I remember a long time ago (perhaps 20 years ago) that an elementary school textbook on health said "mixing alcohol beverages exacerbates the strength of the alcohol in the drink, thereby potentially being fatal to those who drink mixed beverages."

Is this actually true? To my knowledge, basic chemistry dictates that you cannot have more concentration of an element than there was before you mixed the two beverages; for instance, if you mix 100ml of beer(4.5%) and 10ml of spirits(20%), you will only have a 110ml of mixed beverage with 6.5ml of alcohol(4.5%*100+20%*10). In other words, you will have a 110ml(5.9%) drink. Which can't be that much more dangerous than drinking 100ml of beer(4.5%).

So maybe I am remembering the textbook wrongly -- maybe it said that mixing drinks leads you to drink more alcohol? Or is it true that there is a third effect going on -- maybe mixing two different drinks leads to a new, more stronger substance that is greater than the mix of the two drinks? Perhaps because different drinks have different kinds of ethanol mixed into them such that when you combine the two there is a sort of alchemy that makes two seemingly harmless drinks into a sip of poison?

I wonder...

1 Answer 1


The cumulative dose of ethanol is the actual issue, from the medical standpoint.

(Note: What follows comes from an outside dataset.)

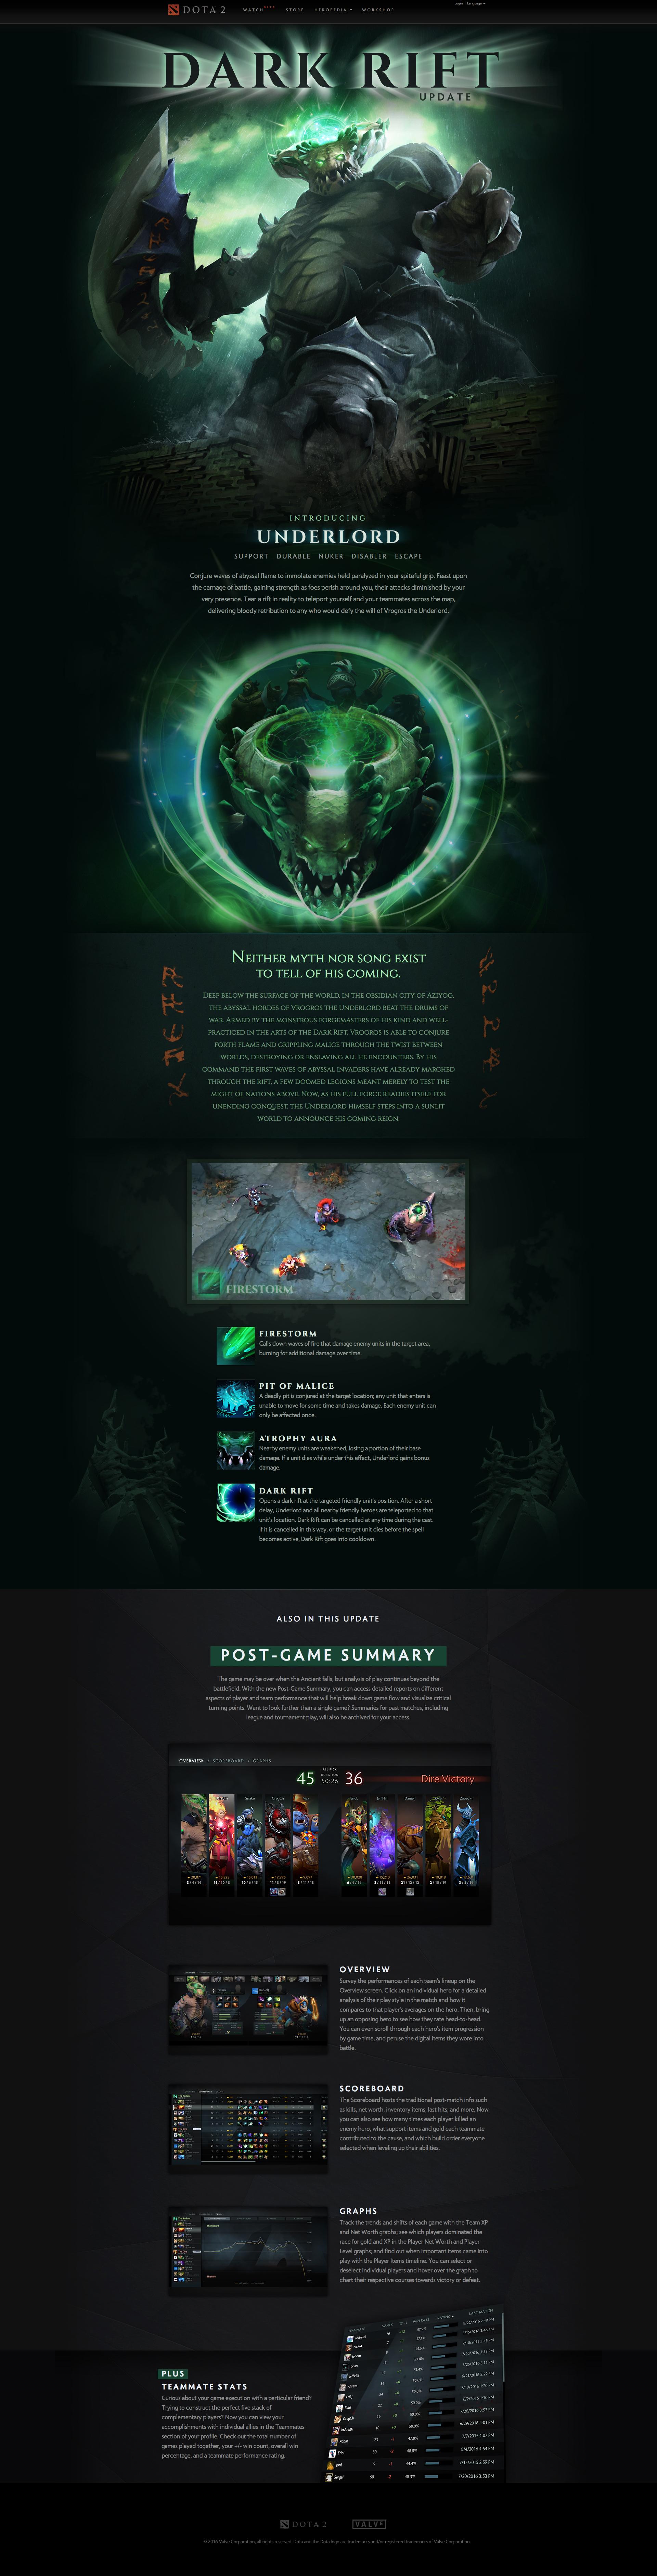 dota 2 dark rift update warriors pinterest concept art

However, if you start with beer or mixed drinks by the time they take effect someone has suggested drinking straight vodka and your ability to make decisions has been compromised such that you just go along with it even though sober you would not consider it. In the end, you are in my emergency department vomiting and barely responsive with an ethanol level of 400 mg/ dL.

Beer is a very weak alcoholic beverage relative to distilled spirits, but it takes very little alcohol in the system to impair judgment enough to move onto more dangerous solutions, hence the downward spiral of college fraternity parties.